El evangelio de este segundo domingo de Pascua nos presenta el primer final del evangelio de Juan. Antes de nuestro texto, el evangelio ha relatado la escena del sepulcro vacío (Jn 20,1-10) y la aparición de Jesús a María Magdalena (20,11-18). Después, se nos relatará la aparición de Jesús en el lago de Tiberíades (21,1-23) y el segundo final del evangelio, que recoge una impresionante hipérbole acerca de las acciones del Resucitado, que deja abierta para todo creyente la puerta de una relación abierta e interminable con Jesús, Señor de la Vida (21,24-25).
El texto evangélico, denso como pocos, nos presenta dos escenas principales. En la primera escena, la acción acontece “el primer día de la semana”, expresión típica para indicar el día de la resurrección, el día del domingo, el día por excelencia de la asamblea cristiana. La escena contiene dos momentos: a) la presencia de Jesús con los discípulos pero sin Tomás (vv. 19-23) y b) el diálogo de los discípulos con Tomás, una vez que está presente (vv. 24-25). La segunda escena transcurre “ocho días después”, cuando Jesús resucitado vuelve a estar con los discípulos y habla con Tomás, que ahora sí está con los demás compañeros (vv. 26-29). Los dos últimos versículos nos presentan la primera conclusión del evangelio joánico, con la finalidad para la que fue escrito (vv. 30-31).
Podemos analizar este evangelio desde tres niveles:
1. A nivel eclesiológico o discipular, básicamente es un texto de movimientos, de avances, de transformación: los discípulos, y tras ellos todos los creyentes, son invitados a pasar del miedo a la alegría, del estar cerrados al ser enviados, del no-ver al ver, del ver o no-ver al creer, del creer al vivir. Nada queda igual después de la Resurrección; se inicia un nuevo itinerario radicalmente transformado y transformador. El texto nos empuja a ponernos en movimiento y sentir el dinamismo de la Resurrección desde estos primeros días de Pascua.
2. A nivel cristológico, el evangelio subraya la bondad de Cristo Jesús, que no solo no reprocha a sus amigos el abandono y la soledad en que le dejaron durante la pasión, sino que les regala bondadosamente las primicias de su Pascua: el don de la paz y el don del Espíritu Santo con el perdón de los pecados. Jesús es el crucificado -sus marcas lo revelan- pero también el Mesías, el Señor, el Hijo de Dios, Dios mismo. Ha de tener, por tanto, un decisivo papel en nuestra vida, radicada en él, y, habiendo experimentado su bondad y sus dones, responder en consecuencia con un estilo de vida derivado de él.

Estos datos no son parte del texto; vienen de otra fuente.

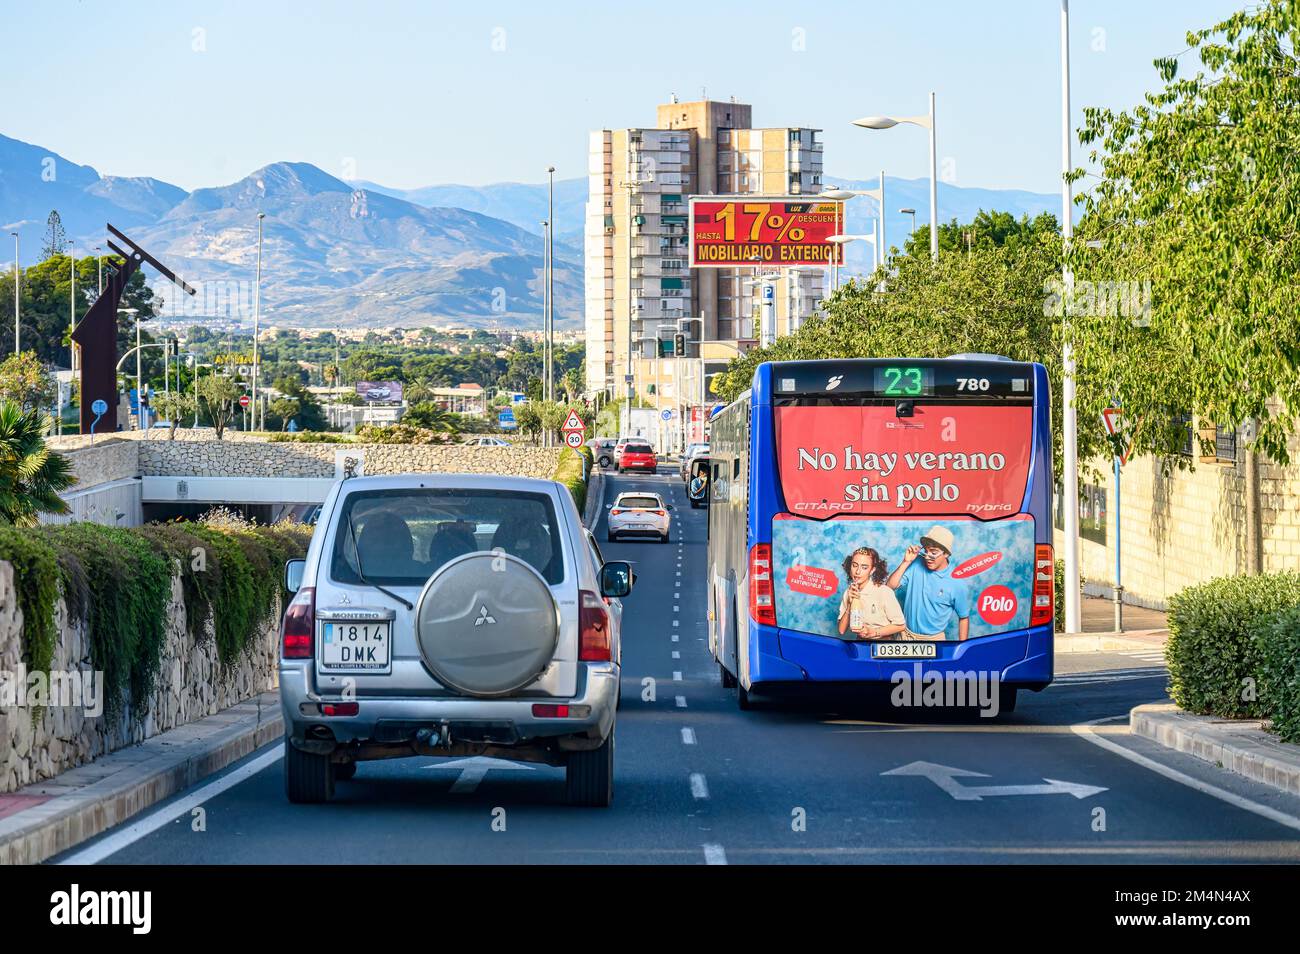 Un coche conduce junto al autobús de la ruta 23. El vehículo de pasajeros pertenece al sistema de transporte público de la ciudad de Alicante. Foto de stock

3. A nivel teológico, es impresionante la densa riqueza del misterio de Dios: Padre que envía, Hijo y Señor que pacifica, Espíritu Santo que perdona los pecados. Tanto dinamismo de amor de Dios suele chocar con la excesiva modorra espiritual que acompaña a quienes creemos. El texto nos estimula a profundizar en nuestra relación con el misterio inagotable de un Dios dinámico y transformador.
Por lo demás, tres veces repite Jesús el saludo: “¡Paz a vosotros!”. La paz, como experiencia discipular y también como misión de los seguidores y seguidoras de Jesús, es la marca de quienes están “habitados” por Jesús. Y esa paz, que es un don del Resucitado, se vuelve tarea de los discípulos en el envío. La paz puede llamarse, en este Año Jubilar, misericordia. Y así comprender que somos enviados a restañar con el bálsamo de la misericordia las heridas de este mundo tan herido por la violencia y los desencuentros.
Al final, la conclusión del evangelio nos indica la finalidad para la que fue escrito: para que creamos en Jesús y para que esa fe-confianza-adhesión a él fecunde la vida y la haga más plena, más digna, colmada de la dicha de Dios. Pongámonos en movimiento.